7. An addition of 300,000 ILS in 2002 from Molsa for running Israeli Deaf clubs by Acha.
8. The Minister of Finance would not object a legislative proposal, which exempts Deaf people from paying the annual radio fee in their vehicles.

The agreement was recorded as Social Work Regulations 5.7 in Molsa. This kind of the regulations is signed by the CEO of Molsa instead of its Minister.

== Violations of the agreement ==
In 2009 Ester Goldblat, a manager at the Department of Rehabilitation in Molsa, made an interpretation survey by sending questionnaires to Israeli sign language interpreters, and repeated it on May 18, 2012, by sending questionnaires to Deaf and Hoh people, asking them about their interpretation services.
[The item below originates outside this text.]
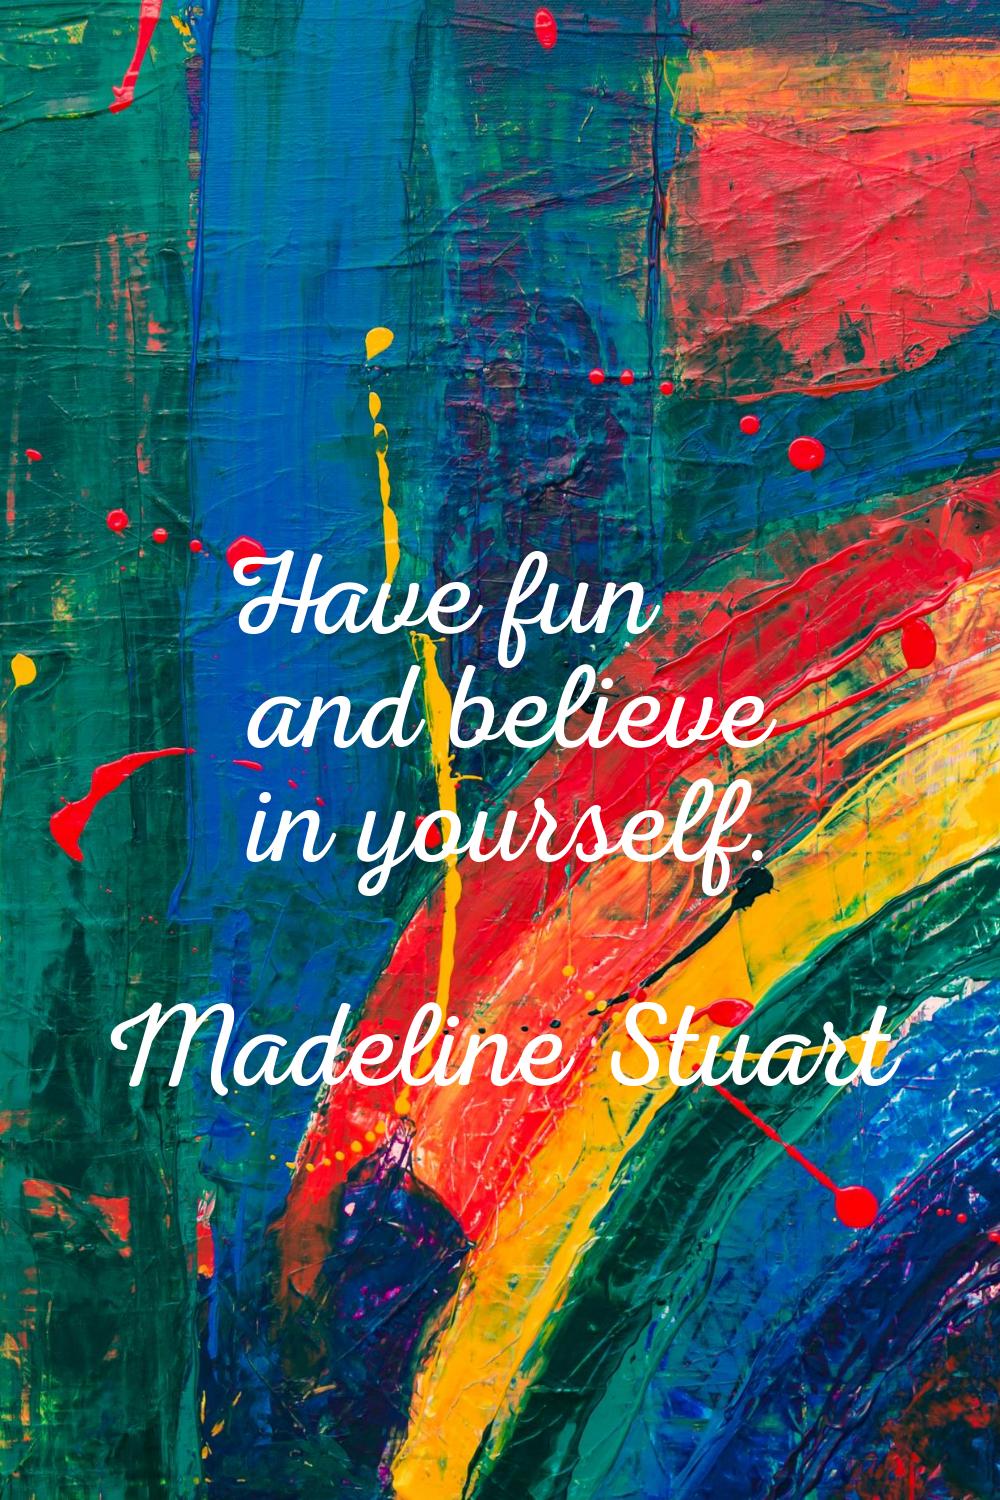 Have fun and believe in yourself.

On June 13, 2012, Goldblat requested Deaf and Hoh people to answer a survey about their vibrating pagers, which they received from the Home Front Command, in order to alert them in cases of war alarms.
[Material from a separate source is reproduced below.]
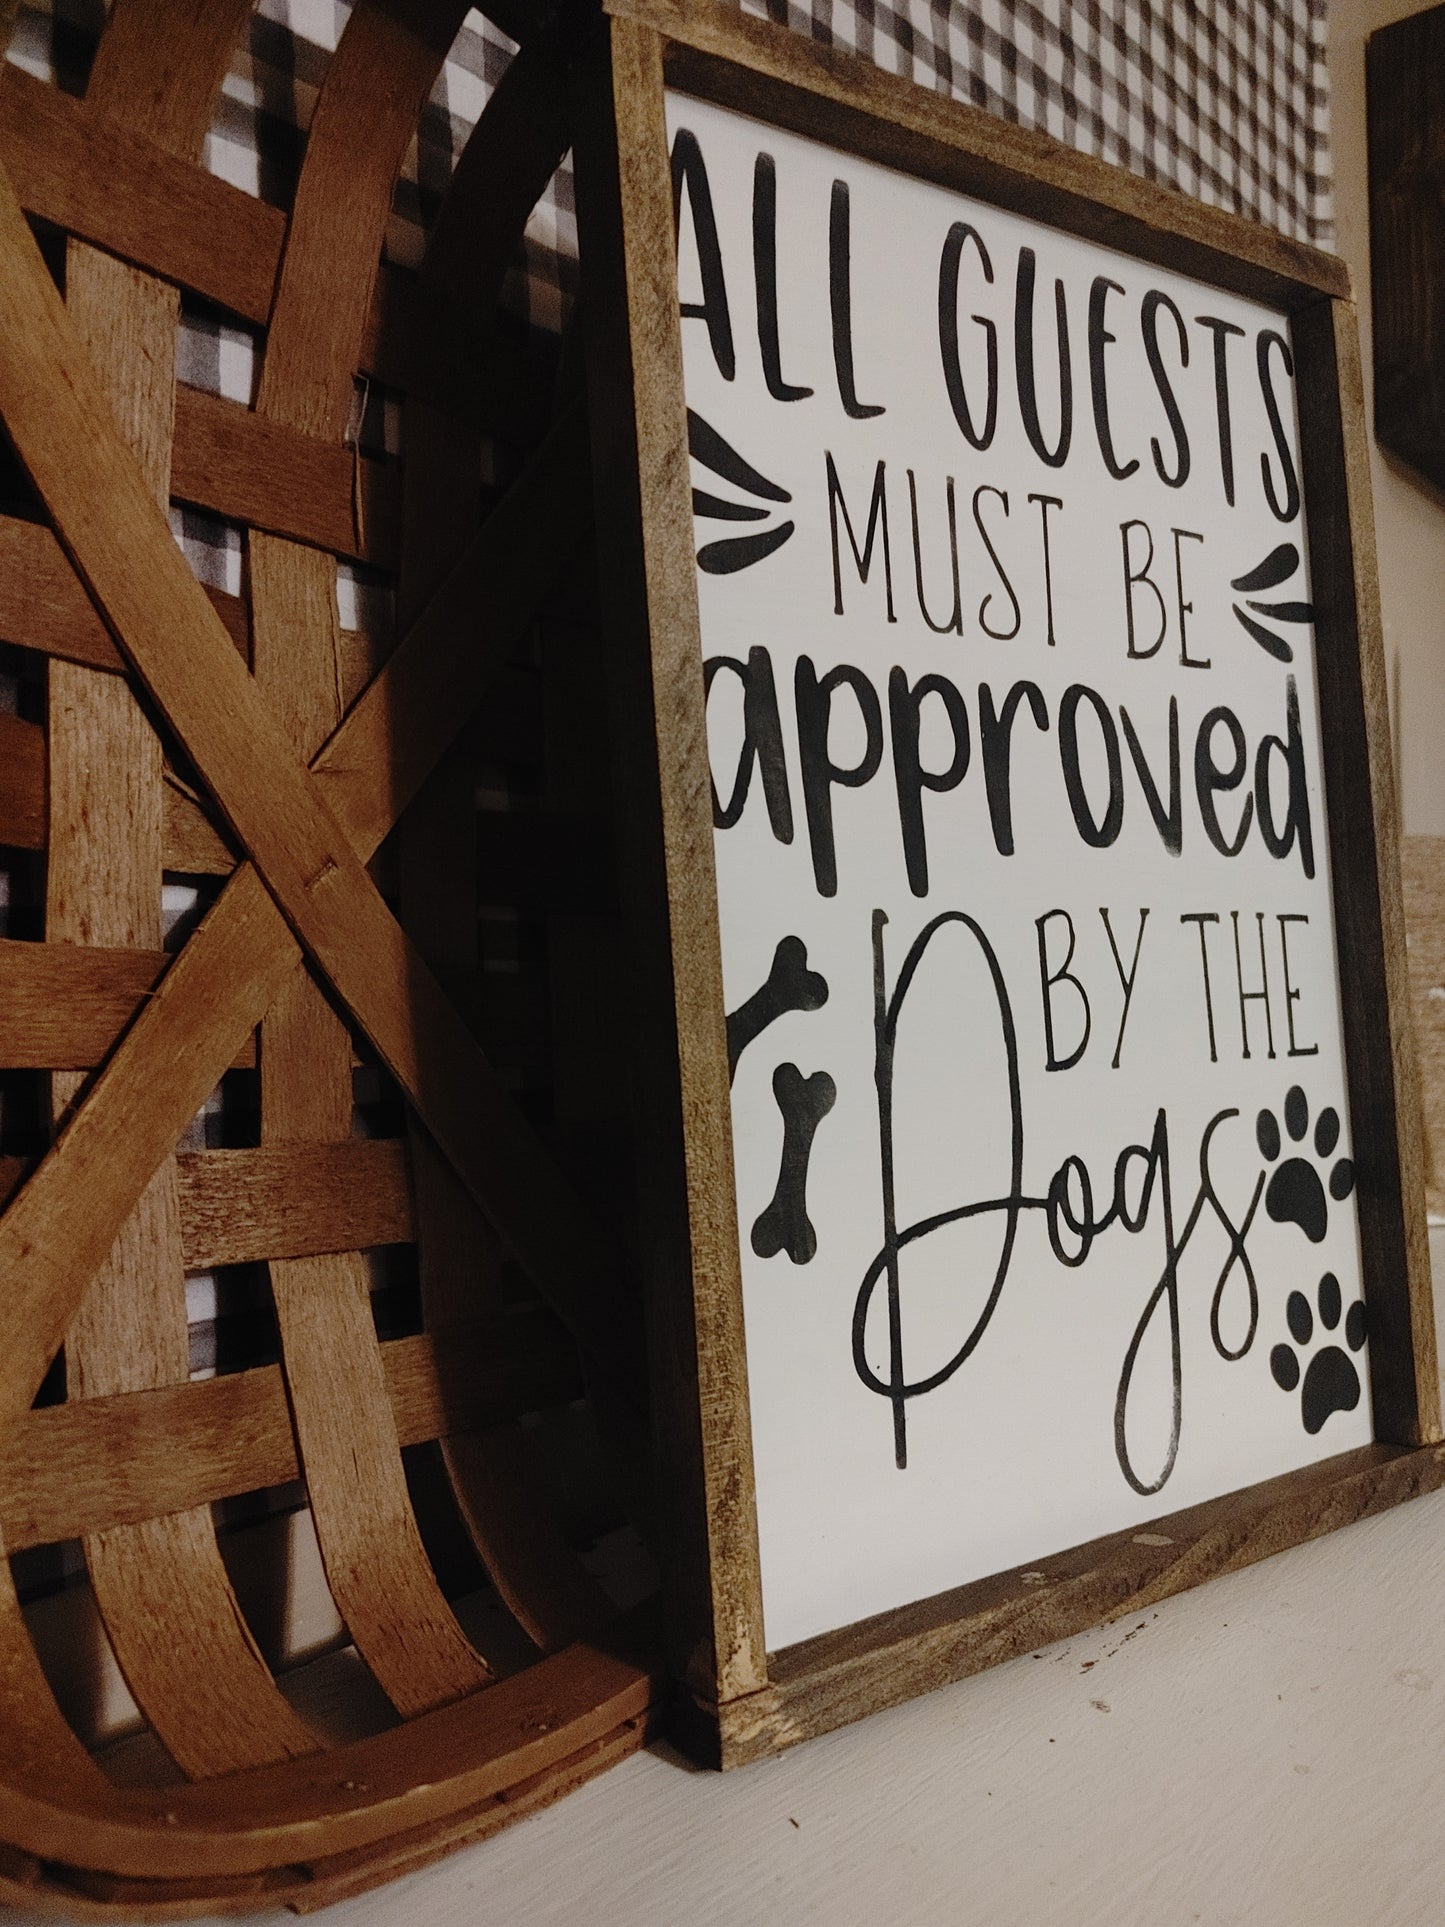 All guests must be approved by the dogs Sign

Goldblat also prohibited a Deaf person to invite an interpreter for making a phone call, and forced the interpreter to tell her the email address of the Deaf person, instead of sending a letter to this person. When the person asked Molsa about this prohibition, Molsa replied that the specific interpreter reported excessive hours, in spite of the Deaf person signs the interpretation form and writes also the interpreting hours.

At the end of 2012, the Institute for the Advancement of Deaf Persons in Israel received a notice from Molsa about cutting interpretation hours of Deaf people in 2013. Interpretation to Deaf people would be given by the following order: Health care, Education, Welfare, Employment, Culture and Leisure. Molsa instructed the institute to stop interpretations for Culture and Leisure. As a result, on December 30, 2012, there was a demonstration in Tel Aviv of about 250 Deaf people against the government. In the demonstration participated Shai Piron, MK Dov Khenin, Stav Shaffir, Karin Elharar, and Yehuda Doron.

On August 26, 2018, Orly Guetta from Molsa requested an Israeli Deaf person to explain the Social Work Regulations 5.7 to her. Then, on September 5, 2018, Goldblat denied a refund of 17% VAT from this Deaf person, who purchased a Xiaomi smartphone from China by eBay, although the Deaf person in question did not live in Eilat, and paid the VAT legally to the Israel Tax Authority. This person wrote to Haim Katz the Minister of Welfare, but did not get a reply for about two months.